## Provided data
▬▬▬
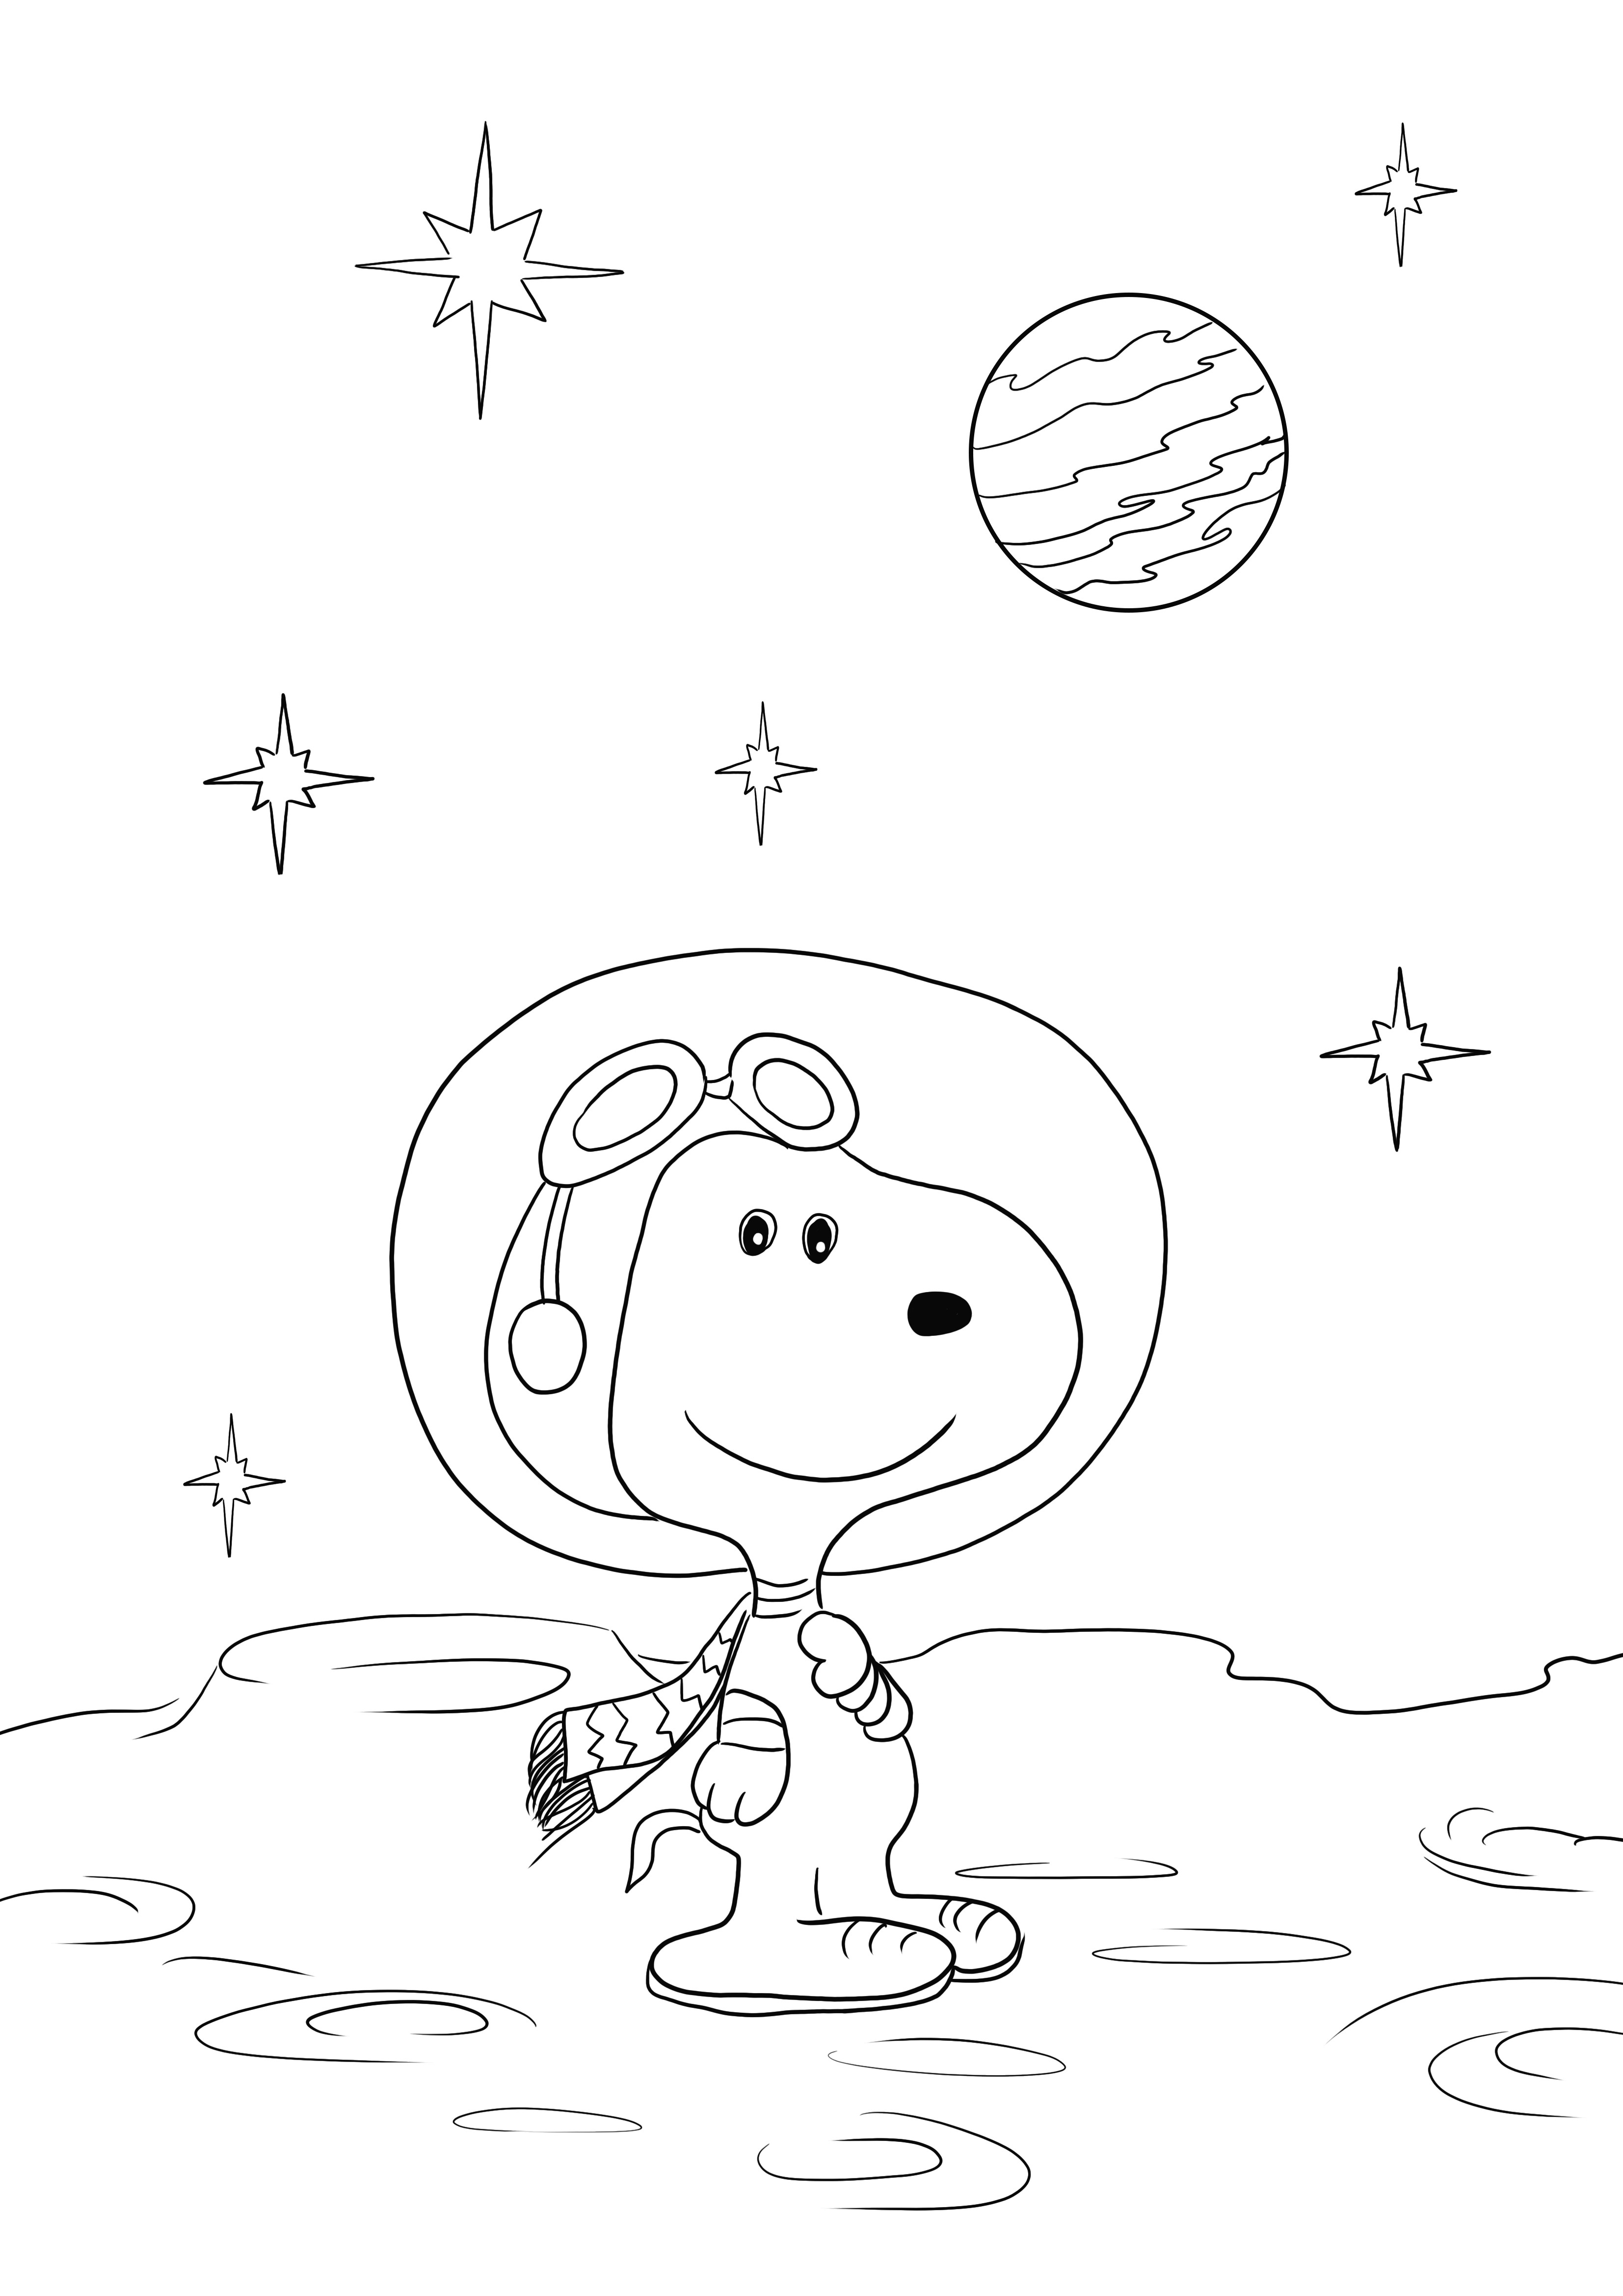 Aquí está nuestra hoja de Snoopy en el espacio gratis para descargar o imprimir y colorear
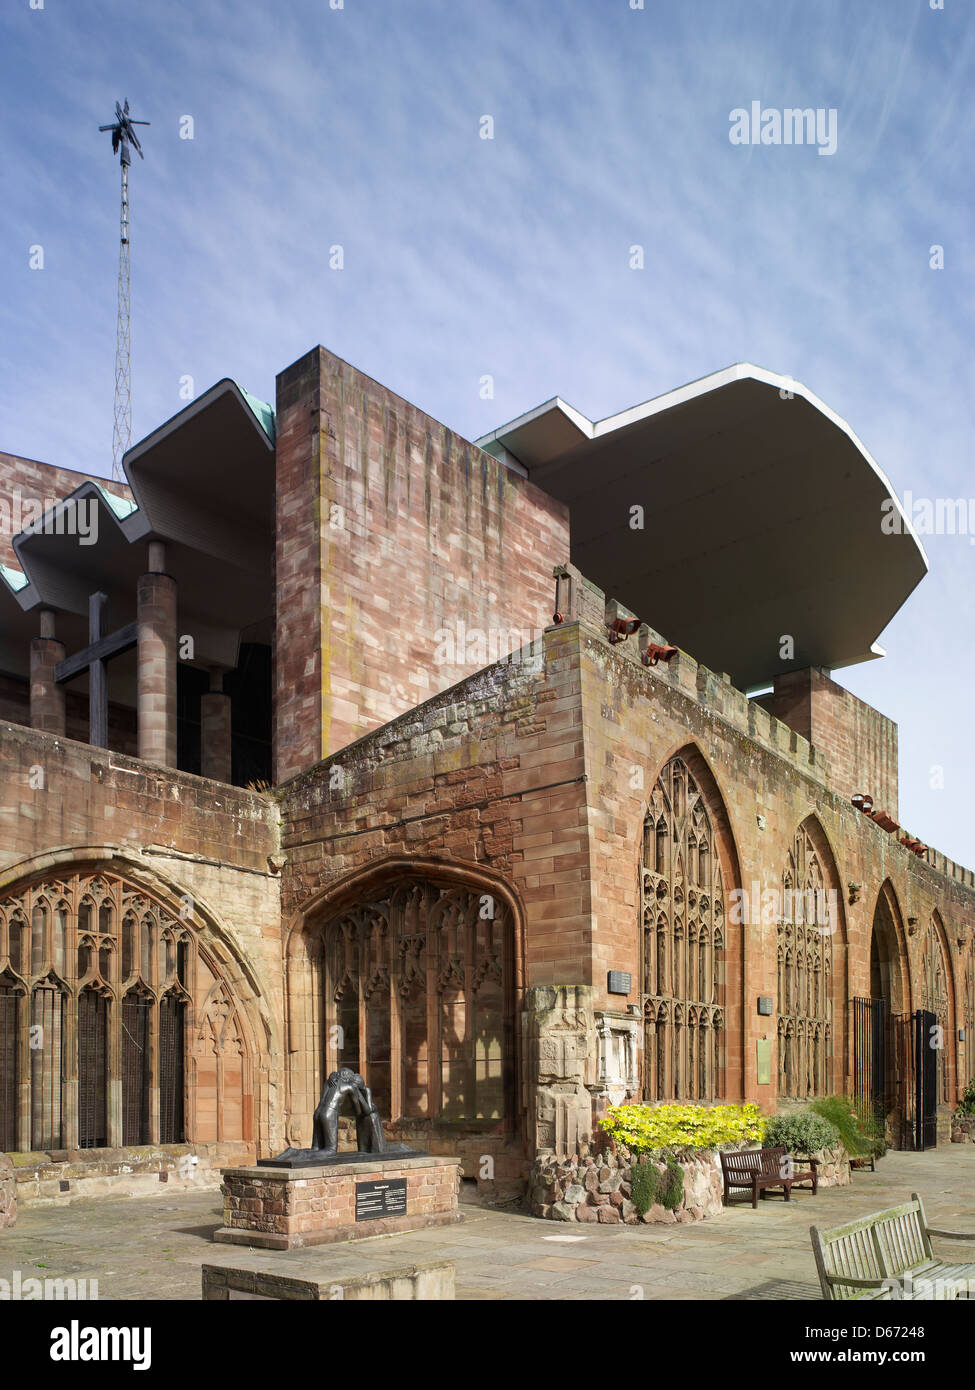 St. Michael Kathedrale, Coventry, England. Ruinen des mittelalterlichen Doms mit Dach 1962 Kathedrale von Sir Basil Spence Stockfoto
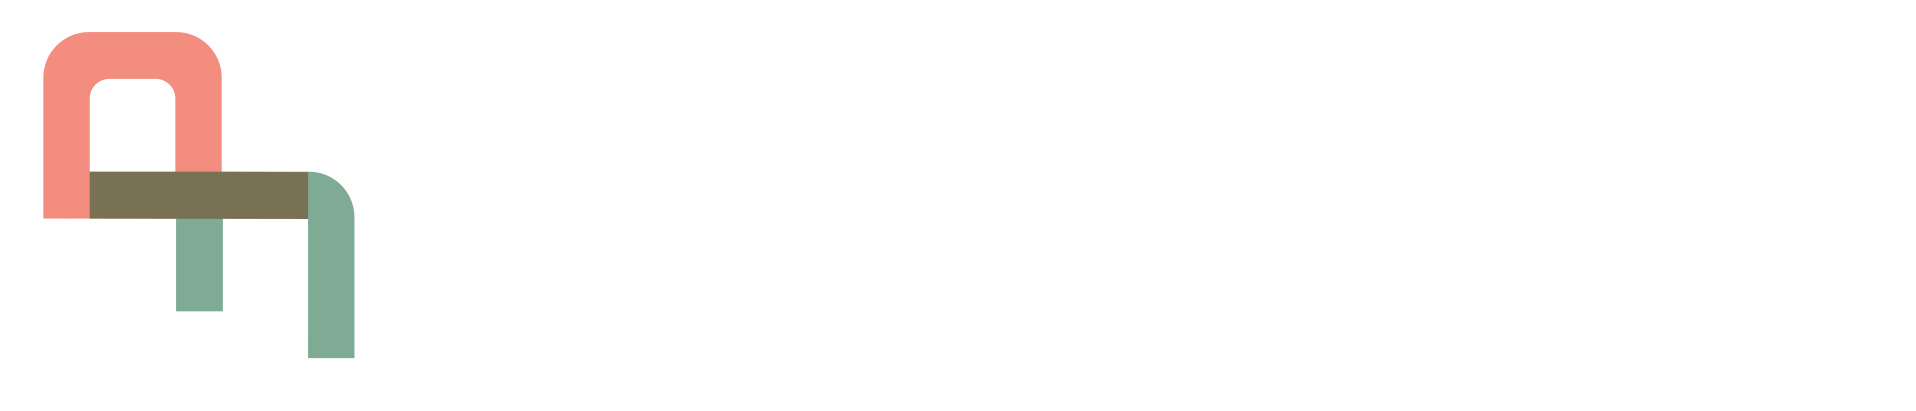 Public Face Website Management
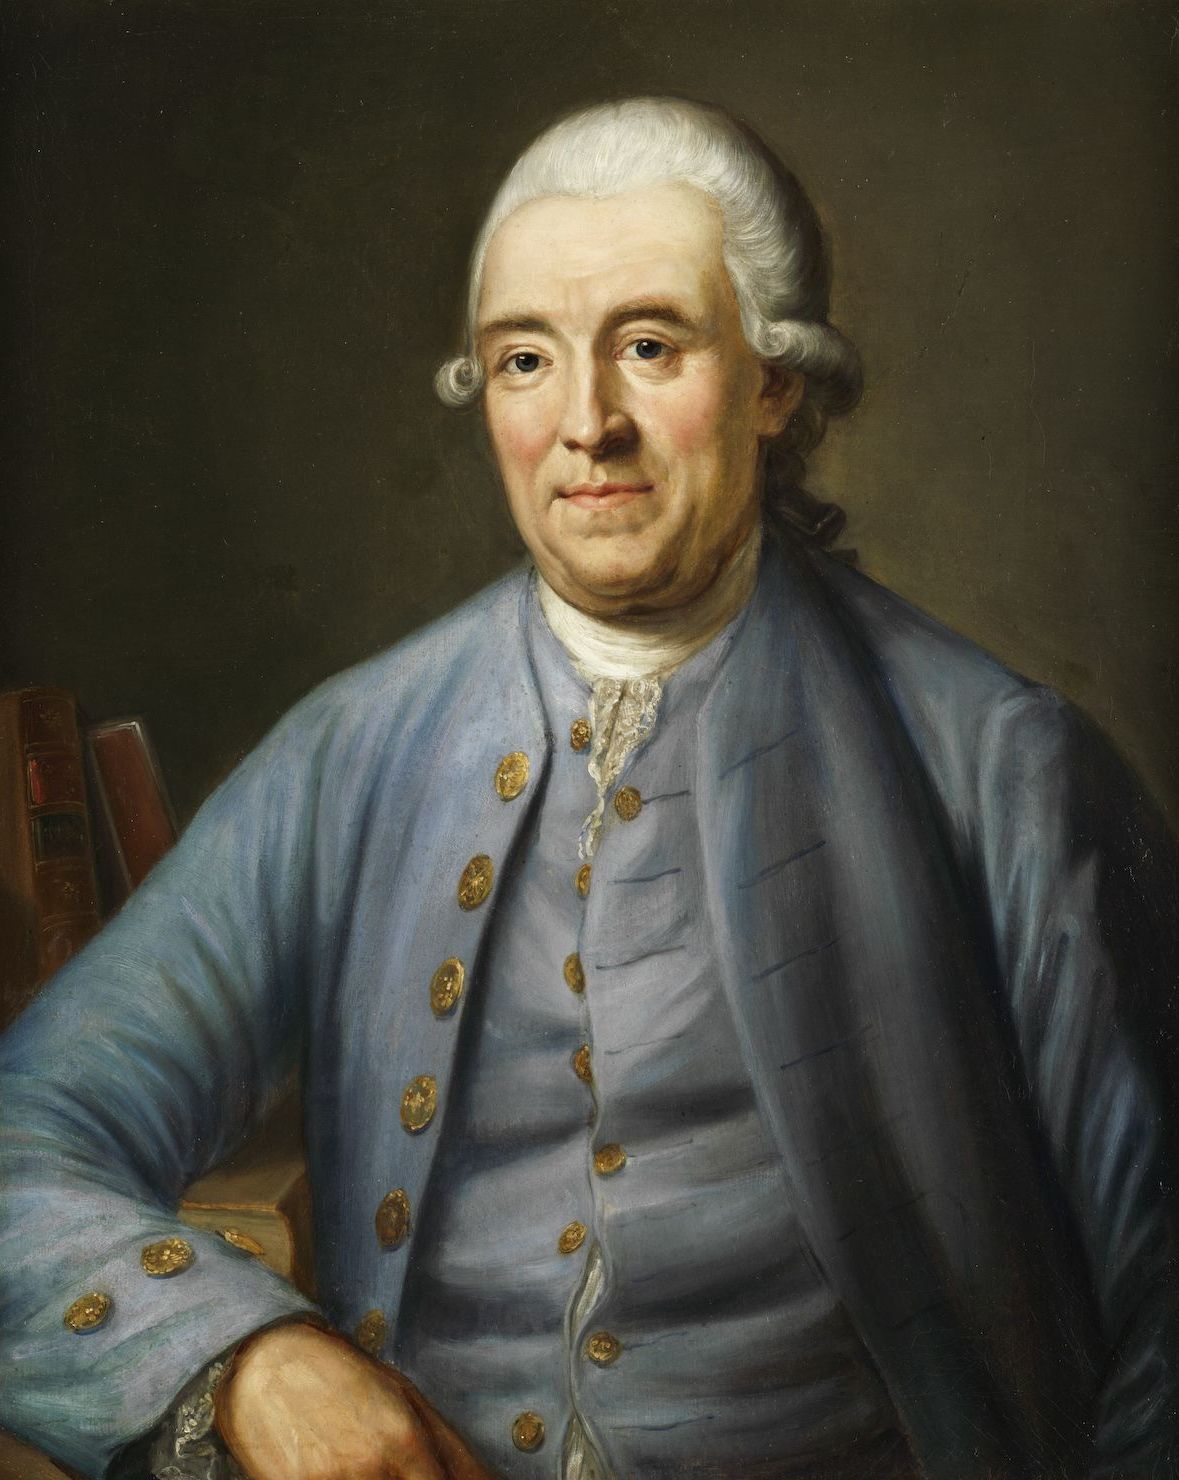 Ernst Gottlob, Justus Möser, Öl auf Leinwand, 1777
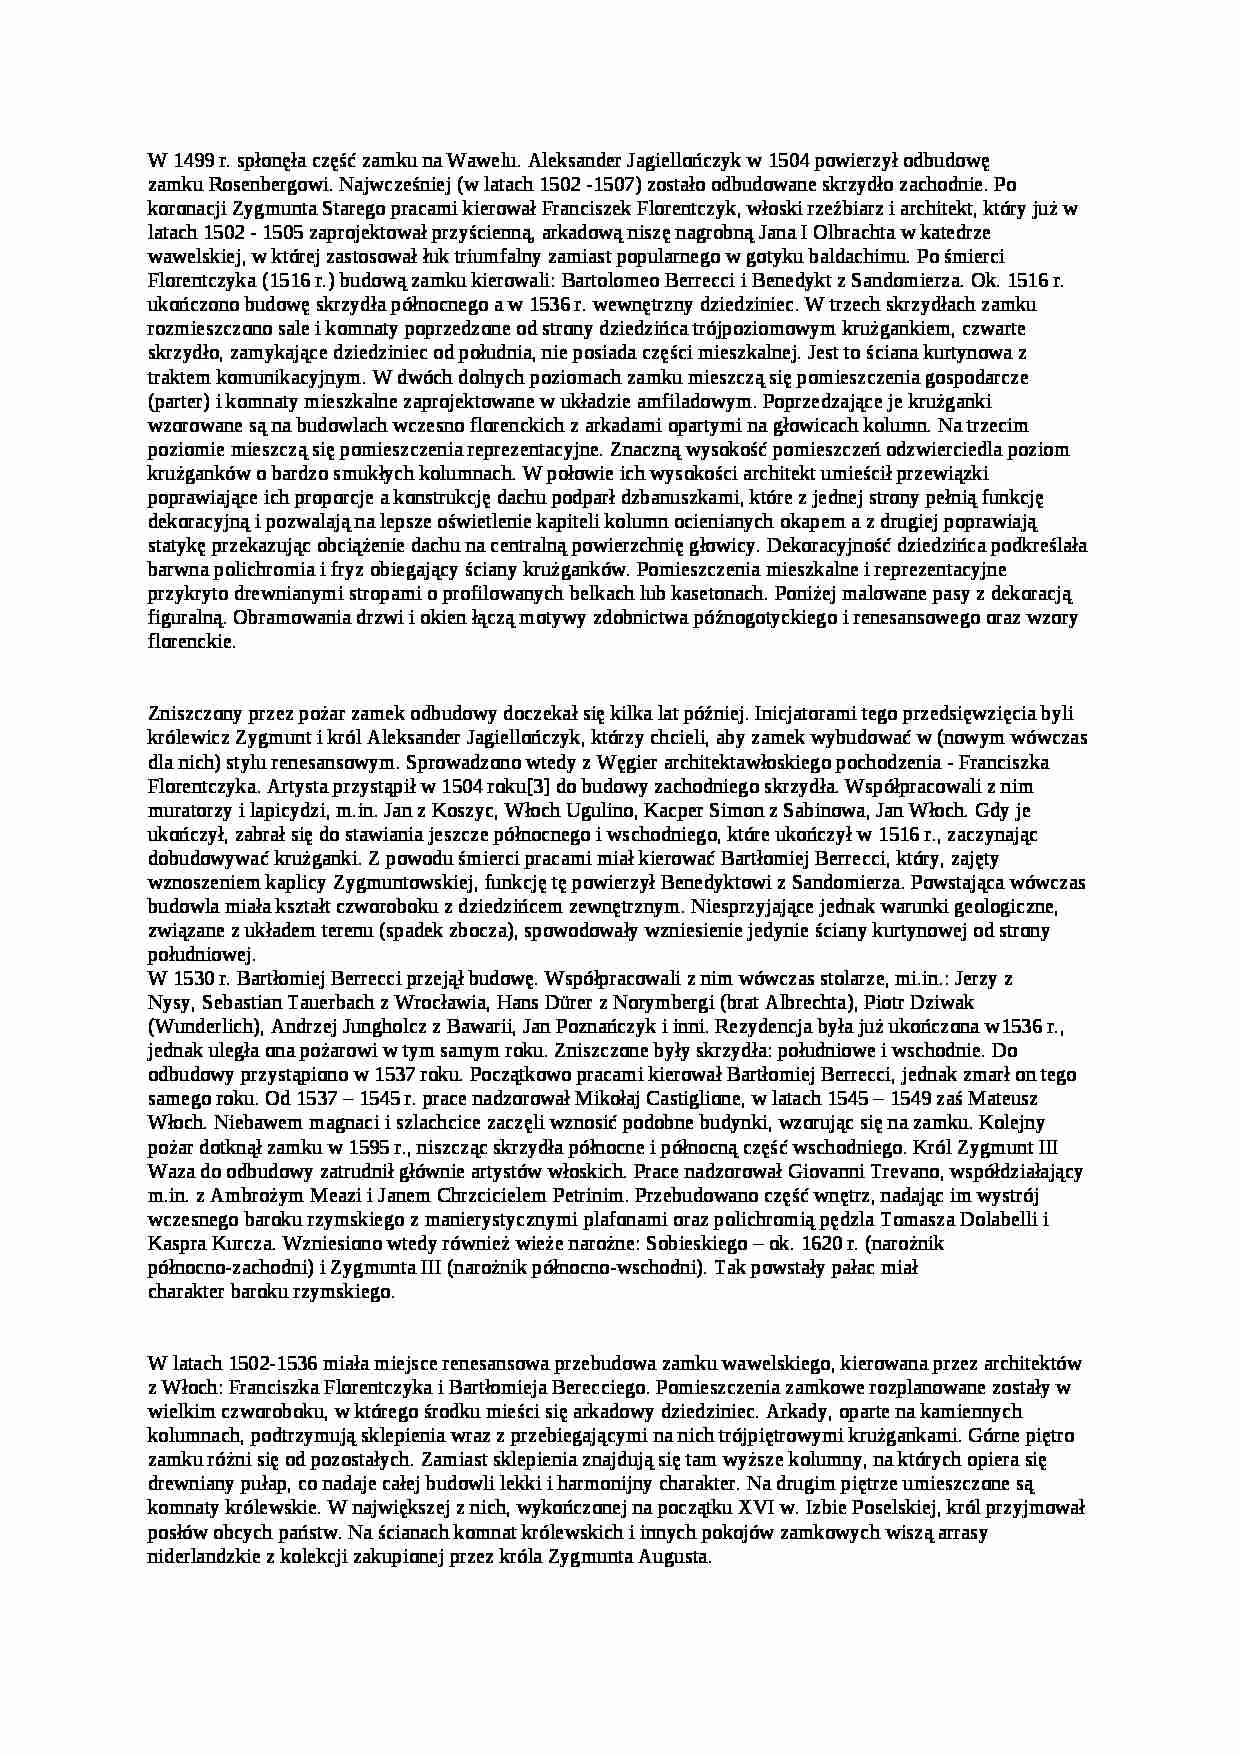 Renesansowa przebudowa wawelu - opis - strona 1
▬▬▬
## What you should do
Leaving the images behind, set down every entry word for word.

## Answer
 Aquí está nuestra hoja de Snoopy en el espacio gratis para descargar o imprimir y colorear
 St. Michael Kathedrale, Coventry, England. Ruinen des mittelalterlichen Doms mit Dach 1962 Kathedrale von Sir Basil Spence Stockfoto
 Public Face Website Management
 Ernst Gottlob, Justus Möser, Öl auf Leinwand, 1777
 Renesansowa przebudowa wawelu - opis - strona 1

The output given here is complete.